Ecological Jurisprudence
This open access book explores the rise of ecological jurisprudence, a transformative legal theory that challenges traditional legal boundaries. Drawing on over 15 years of research and teaching, the book offers a comprehensive theoretical exploration of this new approach to law, via a comprehensive examination of a wide range of initiatives from around the world, as well as a deep theoretical engagement with the implications of this novel legal theory.
Covering a breadth of topics never before brought together with such clear and wide-ranging scope, this book points to the emergence of an ecological jurisprudence not only as a profound transformation of legal norms, but as a radical reimagination of law itself, and serves as a vital resource for scholars and practitioners interested in the future of environmental law
Along with Stone’s Do Trees Have Standing? (1972), Cullinan’s Wild Law (2002), and the Ecuadorian Constitution (2008), we can now name Pelizzon’s Ecological Jurisprudence as a key milestone in the field. (Herman F. Greene, JD, DMin, Thomas Berry Scholar-in-Residence, The Earth Law Center)
An immense gift to the field and to generations of lawyers to come, Ecological Jurisprudence contains teachings from which one could learn for a lifetime. (Katarina Hovden, University of Copenhagen)
Alessandro Pelizzon's Ecological Jurisprudence is deeply-rooted in how the law can best serve the natural world, inspiring future lawyers with the kind of jurisprudence the natural world so urgently needs to exist. (Maria Mercedes Sánchez, Former Coordinator of the United Nations Harmony with Nature Programme)
Pelizzon coins the term ‘ecological jurisprudence’ and mobilises it to create deep normative foundations for future environmental law developments.
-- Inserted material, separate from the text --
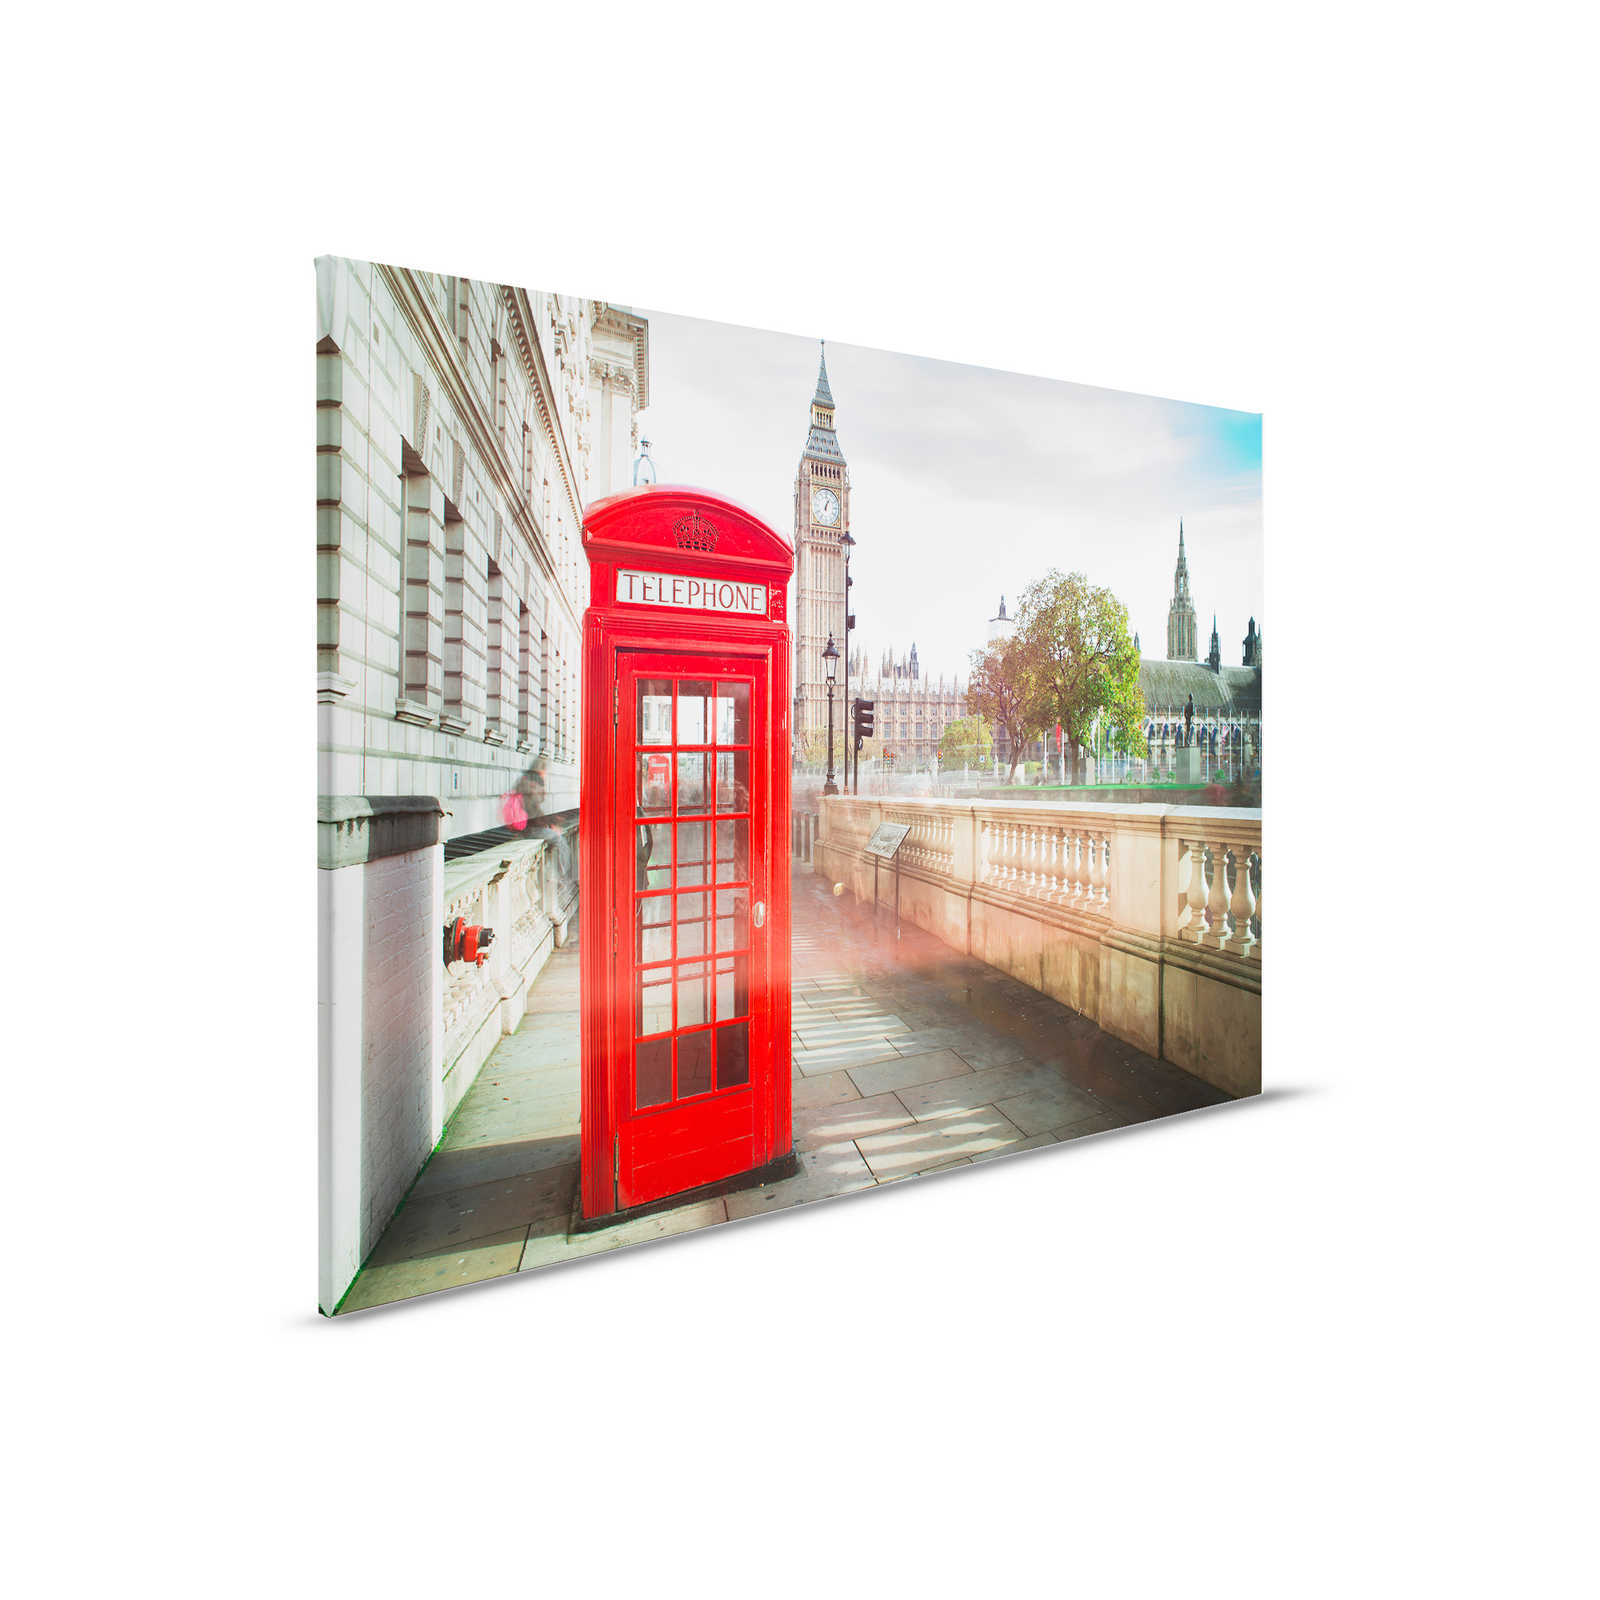         Leinwand mit roter Telefonzelle in London – 0,90 m x 0,60 m

Any serious environmental scholar will have to engage with him because of the breadth and depth of what he achieves in this book. (Professor Afshin Akhtar-Khavari, QUT)
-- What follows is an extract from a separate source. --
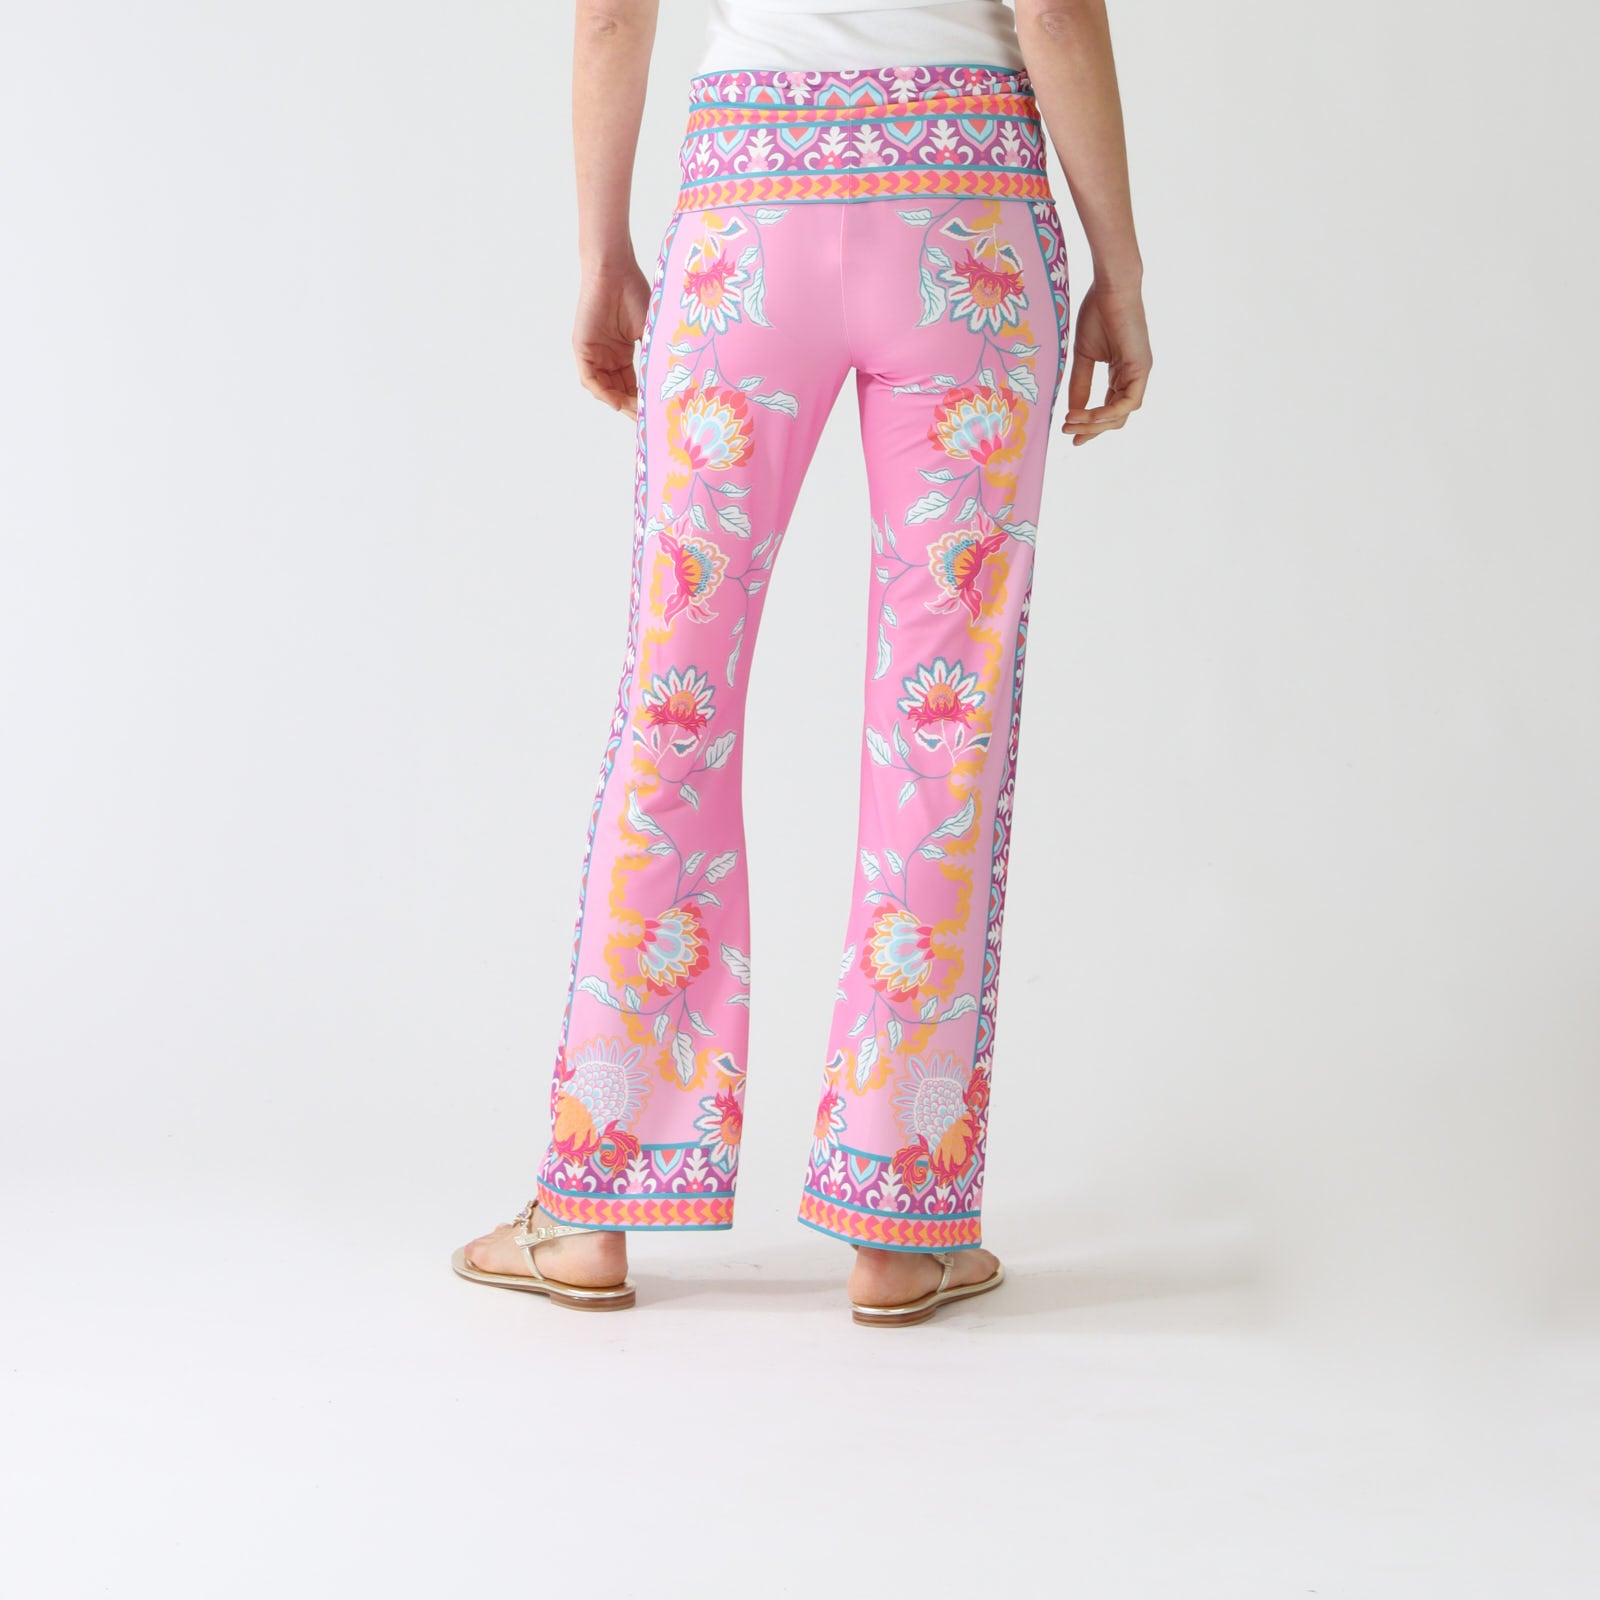 Madelyn Pink Printed Jersey Foldover Pants

Dr Alessandro Pelizzon is an Associate Professor in the School of Law and Society at the University of the Sunshine Coast in Australia. He completed his LLB/LLM at the University of Turin in Italy, specializing in comparative law and legal anthropology with a field research project conducted in the Andes. His Doctoral research, conducted at the University of Wollongong, focused on native title and legal pluralism in the Illawarra region. Alessandro has been exploring the emerging discourse on rights of Nature, Wild Law and Earth Jurisprudence since its inception, with a particular focus on the intersection between this emerging discourse and different legal ontologies.
Alessandro is the co-founder and an Executive Committee Member of the Global Alliance for the Rights of Nature and an expert member of the UN Harmony with Nature Programme. Alessandro’s main areas of research are legal anthropology, legal theory, comparative law, ecological jurisprudence, constitutional law, sovereignty, and Indigenous rights.